No one could believe for a moment that some wigged judge would get away with it if he’d ruled that a Royal baby wasn’t worthy of living, despite what the baby’s own parents thought.

New York Post columnist Karol Markowicz posted at Fox News as judges kept ruling against Alfie, “One of the key facts about Alfie is that no one knows what is ailing him. This alone should be a reason to keep him alive. His lack of definitive diagnosis should mean that, at minimum, he be kept alive until doctors can figure it out.

“The confidence with which doctors are proclaiming Alfie has no chance to improve might make sense if they knew what was wrong with him in the first place.
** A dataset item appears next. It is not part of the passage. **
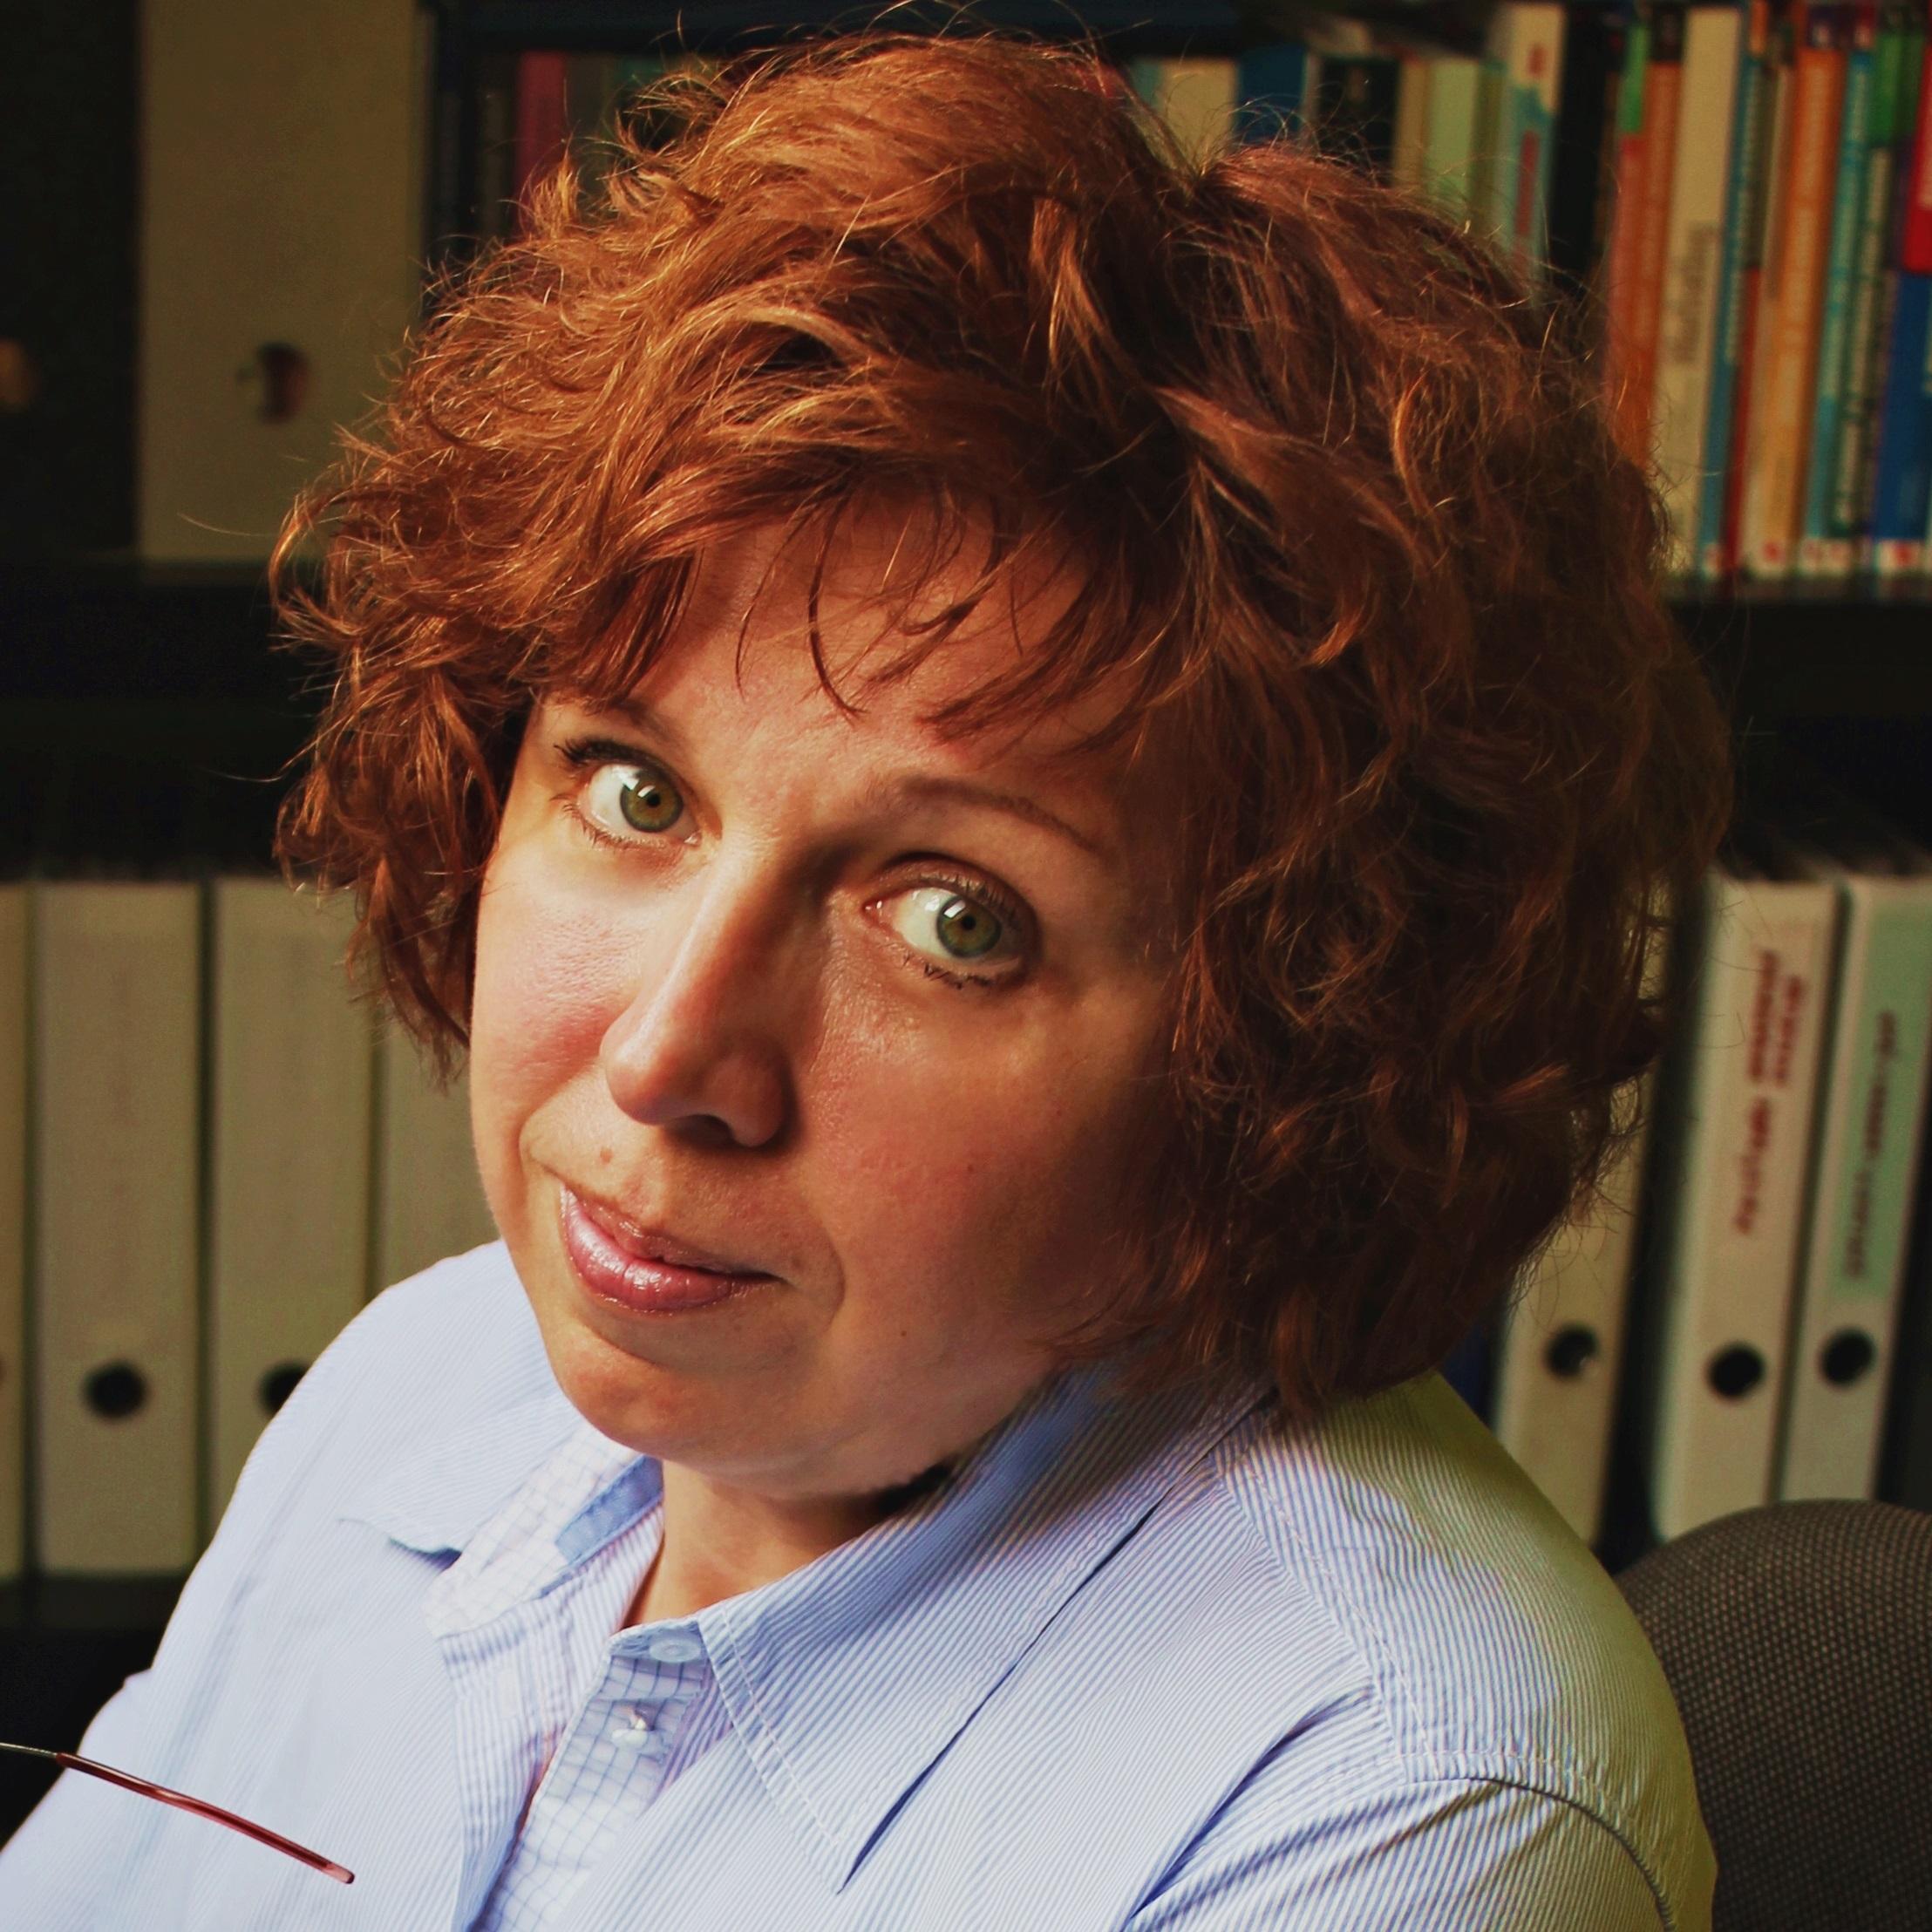 Katarína Ikrényiová

That they don’t, and are letting him die anyway, is damning,” Markowicz said.

Where Was Trump?

Although Pope Francis stood up for both Alfie’s and Charlie’s lives, conspicuously missing this time around was Donald Trump, who had contributed immensely last year in bringing Charlie to public attention by tweeting for him.

Although Alfie received plenty of attention without the American president’s aid, think of the pressure that Trump could have exerted — Trump, who even tweeted North Korea’s dangerous “little rocket man” to his knees — if he had tweeted his displeasure over Alfie’s mistreatment to British Prime Minister Theresa May.

When President Reagan, Pope John Paul II, and Prime Minister Margaret Thatcher were in alliance in the 1980s, remember what they did to bring down Soviet Communism. Think of the chance missed by Trump when he could have joined Francis in calling upon May now.

Unfortunately, there’ll probably be more cases like this coming up. So Trump best prepare himself and his diplomatic niceties.